Why Array Index Starts with 0 , A pointers magic !

The very first language I learnt was C and it took months to understand pointers. I can never forget pointers in my life.

If you know pointers and arrays here is the summary of this blog

1. arr[] -> arr behaves like a pointer that holds the First element address
2. arr[0] = * (arr + 0) = * arr, here + is not decimal arithmetic but pointer arithmetic. Thats why index starts with 0.

For more details here you go!
The only thing you should know to understand is

& - means address of
* - means value at that address
%p - Format Specifier used to print address

size of a data type may vary with compiler and operating systems.

We will understand what & and * means with a simple C program.

#include <stdio.h>

int main() {
    int value = 10 ;
    int * addressOfValue = &value;

    printf("Initial Address %p\n", addressOfValue);
    printf("After Adding 1 %p", addressOfValue + 1);
    printf("Value %d", *addressOfValue);

    return 0;
}

Code Breakdown

• value is a int variable holding 10
• The size of the value is 4 bytes
• addressOfValue is a (int *) type. This means addressOfValue contains address of a integer variable
• The size of the addressOfValue is 4 bytes ( Pointer Variable size )
• &value is address of value. We're assigning the address of integer variable to addressOfValue

Output

Initial Address 0x7ffc1c122f1c
After Adding 1 0x7ffc1c122f20
Value 10 

To improve clarity, let's convert the hexadecimal above to decimal.

0x7ffcb63b6e7c = 140720779439900
0x7ffcb63b6e80 = 140720779439904

we used value of operator (*) to print the value at the address. That is 10

There is a difference of 4 Bytes. We added 1 to the addressOfValue it added 4 bytes. So here addition is not numbers but size of the value (4 Bytes).

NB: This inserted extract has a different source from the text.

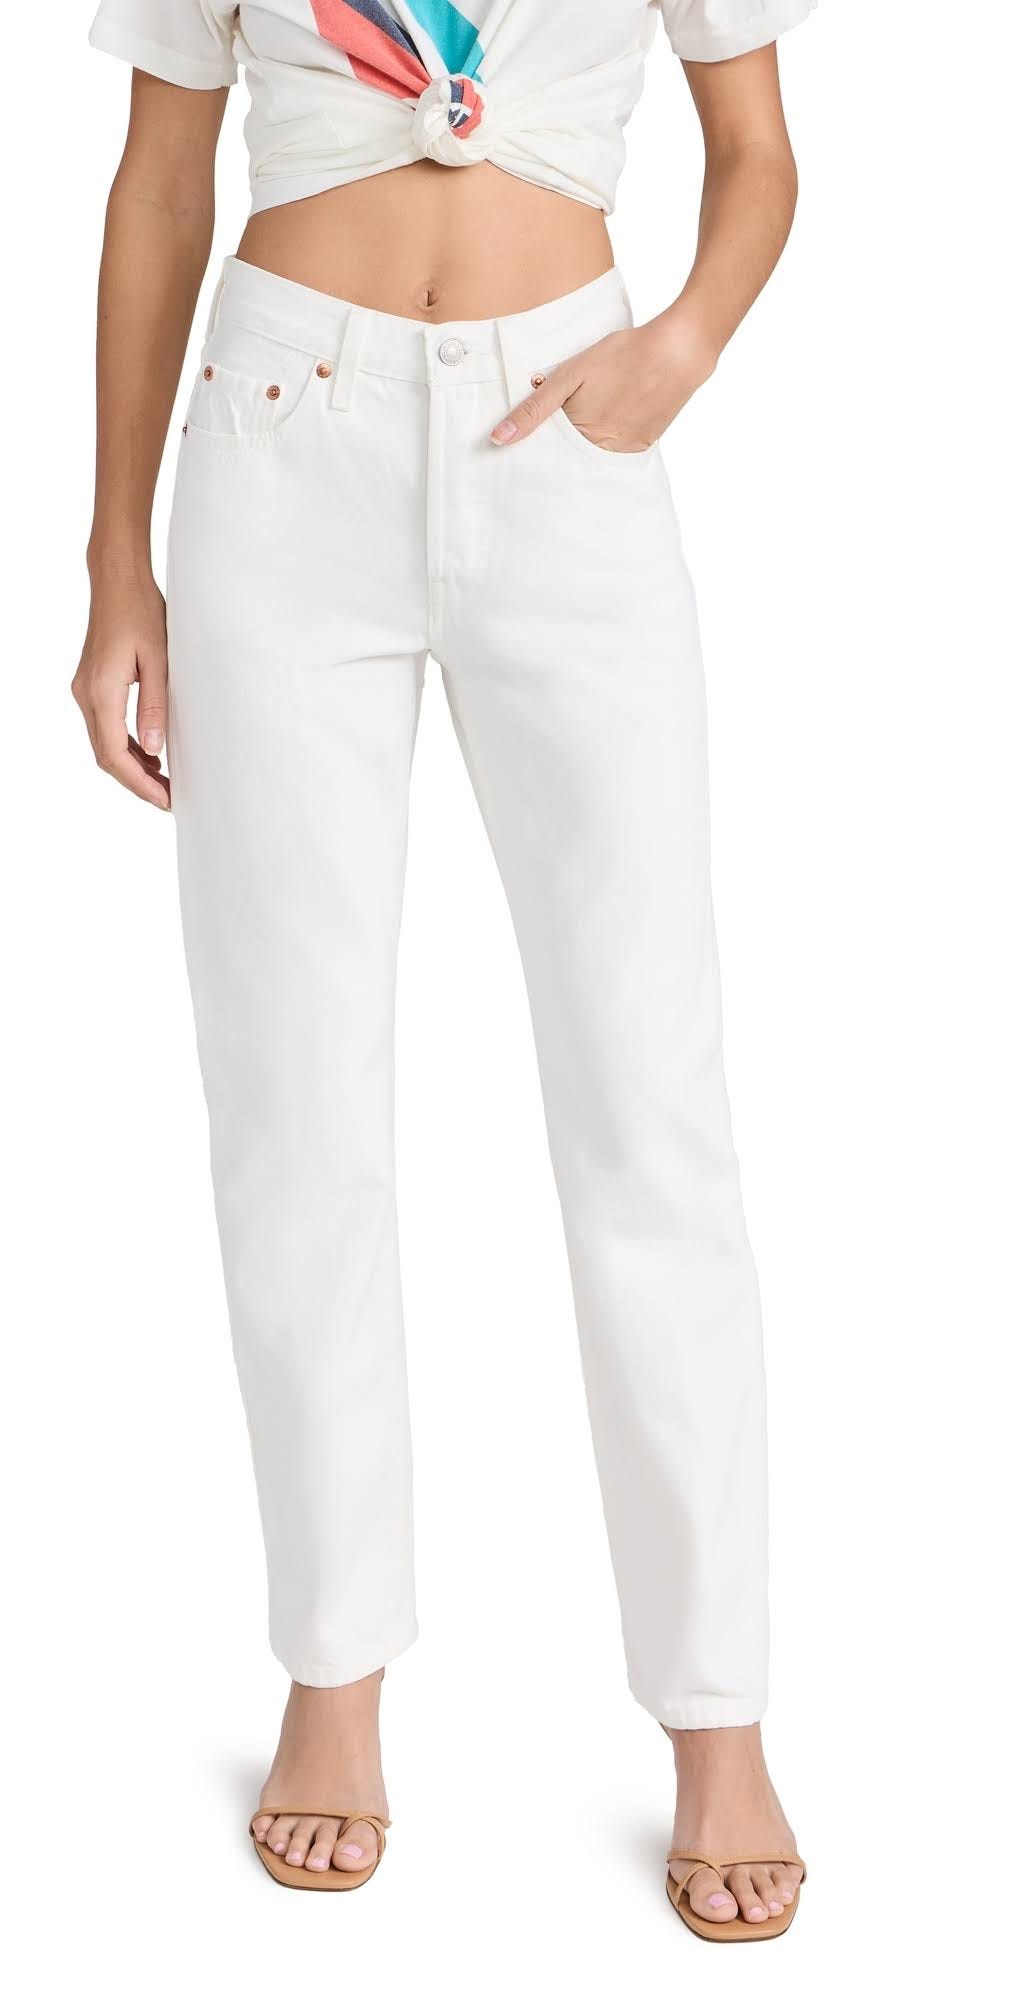 Classic Levi's White 501 Original Fit Jeans | Image

If long int is 8 Bytes. Then addition of 1 to the address will add 8 bytes.

GIF

So what I am trying to say here is

0x7ffcb63b6e7c + 0 = 140720779439900
0x7ffcb63b6e7c + 1 = 140720779439904

Array & Pointers Magic

The Below is a simple Array for loop where index starts with 0. You get where I am going .. see the next piece of code

#include <stdio.h>

int main() {
   int arr[] = {1 , 2 , 3 };
   int arrSize = 3;           

   for ( int ind = 0 ; ind < arrSize ; ind ++) {
       printf("%d ", arr[ind]);
   }
   return 0;
}

// Output
// 1 2 3

I will change the above code with the help of pointers.

#include <stdio.h>

int main() {
   int arr[] = {1 , 2 , 3 };
   int arrSize = 3;           

   int * arrPointer = arr;

   for ( int ind = 0 ; ind < arrSize ; ind ++) {
       printf("%d ", * ( arrPointer + ind ) );
   }
   return 0;
}

//Output
//1 2 3

Code Breakdown

• arrPointer gets the address of arr. Note that we didn't use & operator because arr itself is a special pointer pointing to first element in an array
• We changed the printf that * ( arrPointer + ind)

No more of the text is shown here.